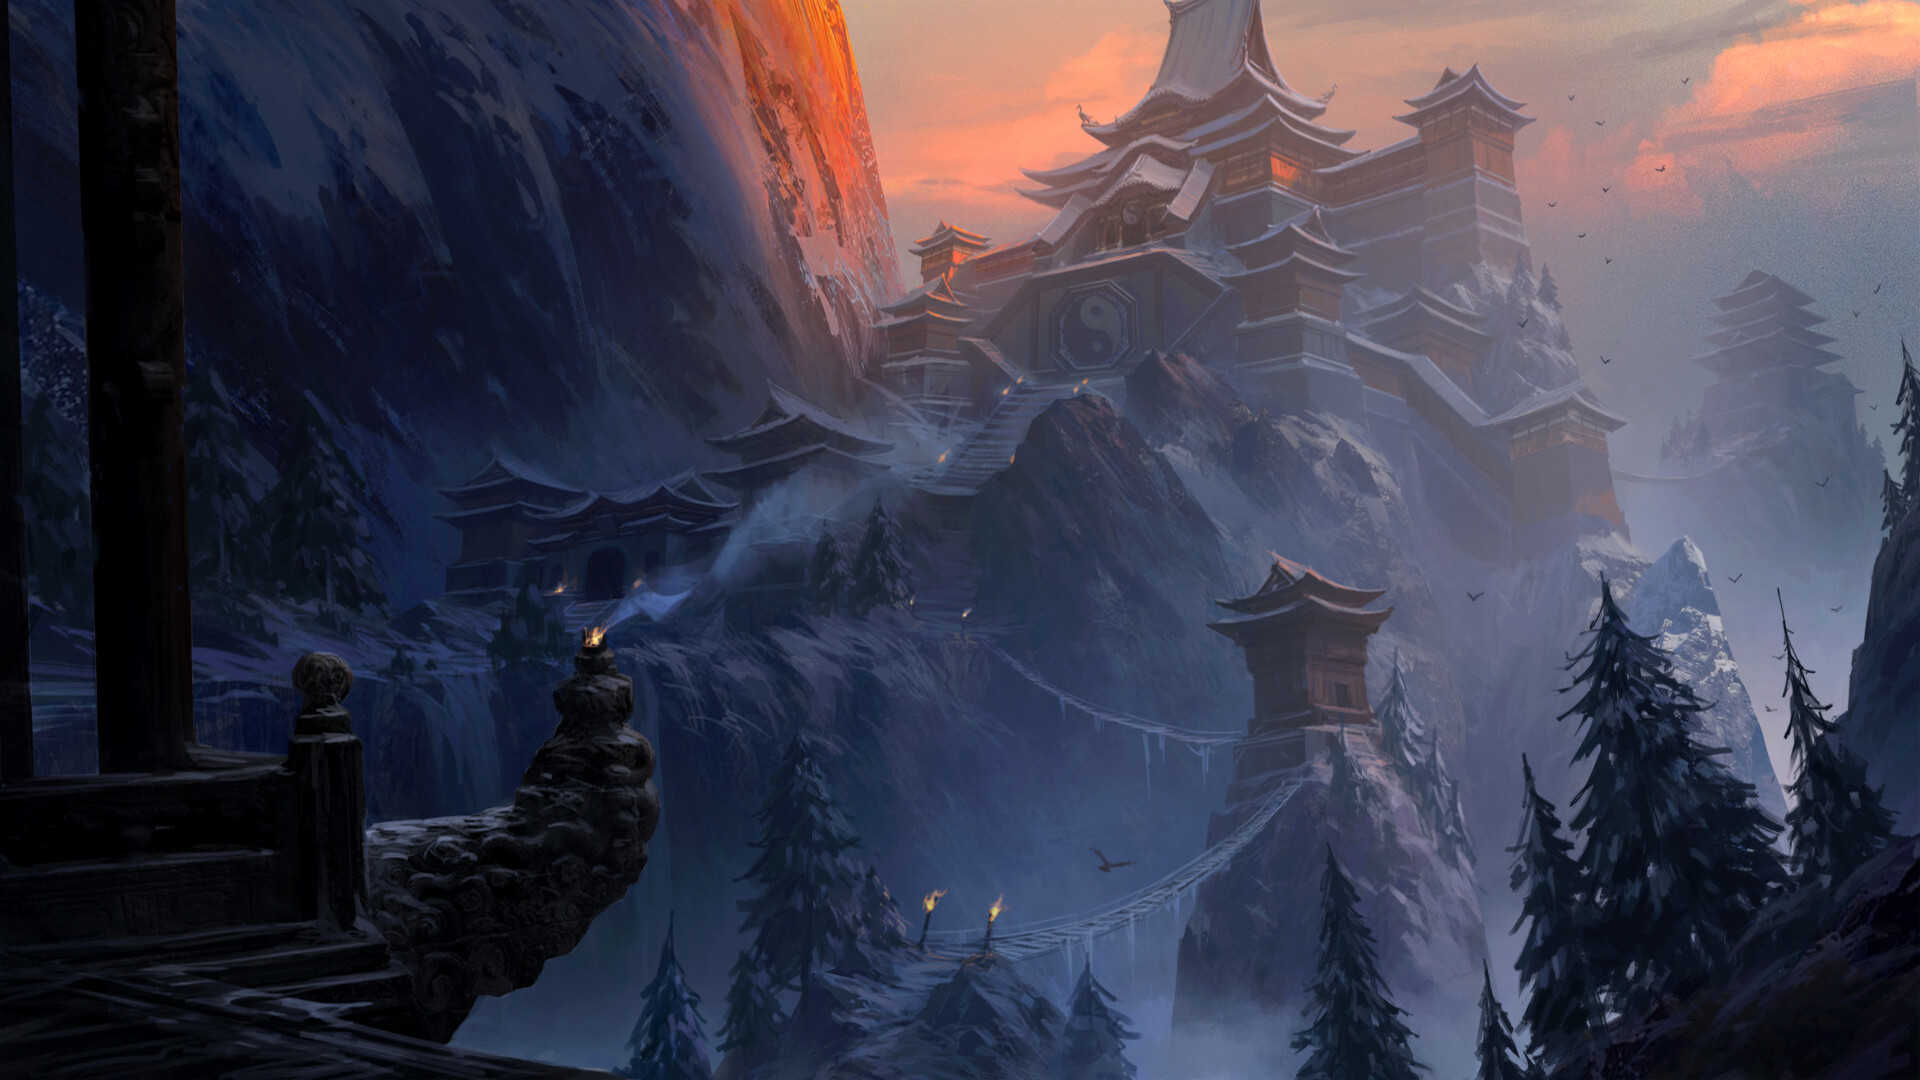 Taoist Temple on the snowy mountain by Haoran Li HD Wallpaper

* * *

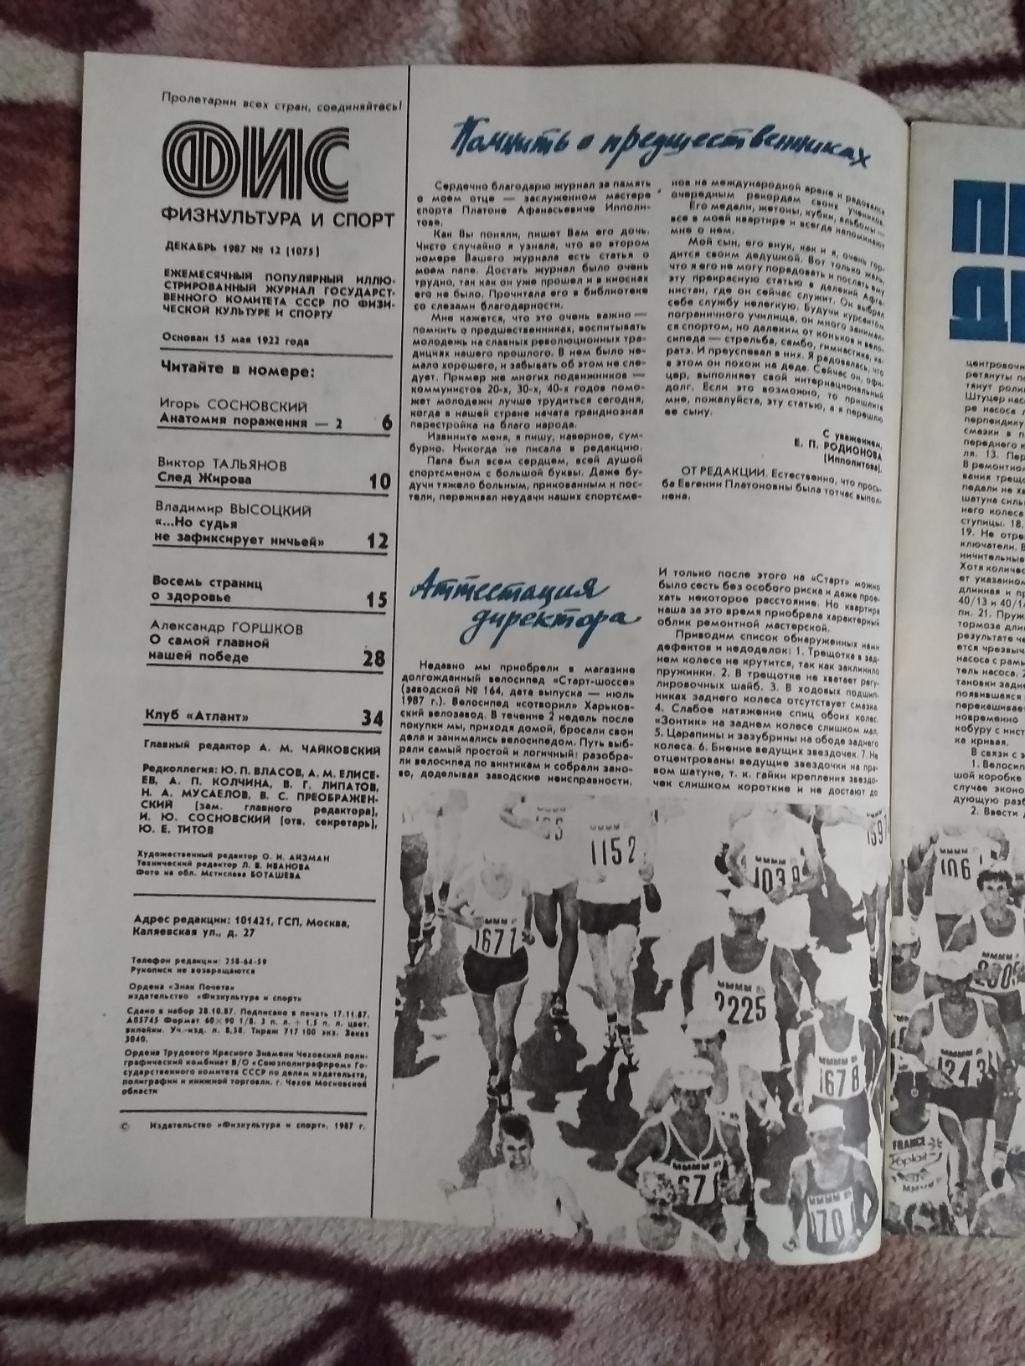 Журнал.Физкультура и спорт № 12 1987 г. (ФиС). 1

* * *

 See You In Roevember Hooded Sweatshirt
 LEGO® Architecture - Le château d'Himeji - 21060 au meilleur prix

WORK INSTRUCTION
What you return must be an exact retyping of the lines above starting at the line with "See You In Roevember Hooded Sweatshirt" and ending at the line with "LEGO® Architecture - Le", and nothing besides.

RESPONSE BOX
 See You In Roevember Hooded Sweatshirt
 LEGO® Architecture - Le château d'Himeji - 21060 au meilleur prix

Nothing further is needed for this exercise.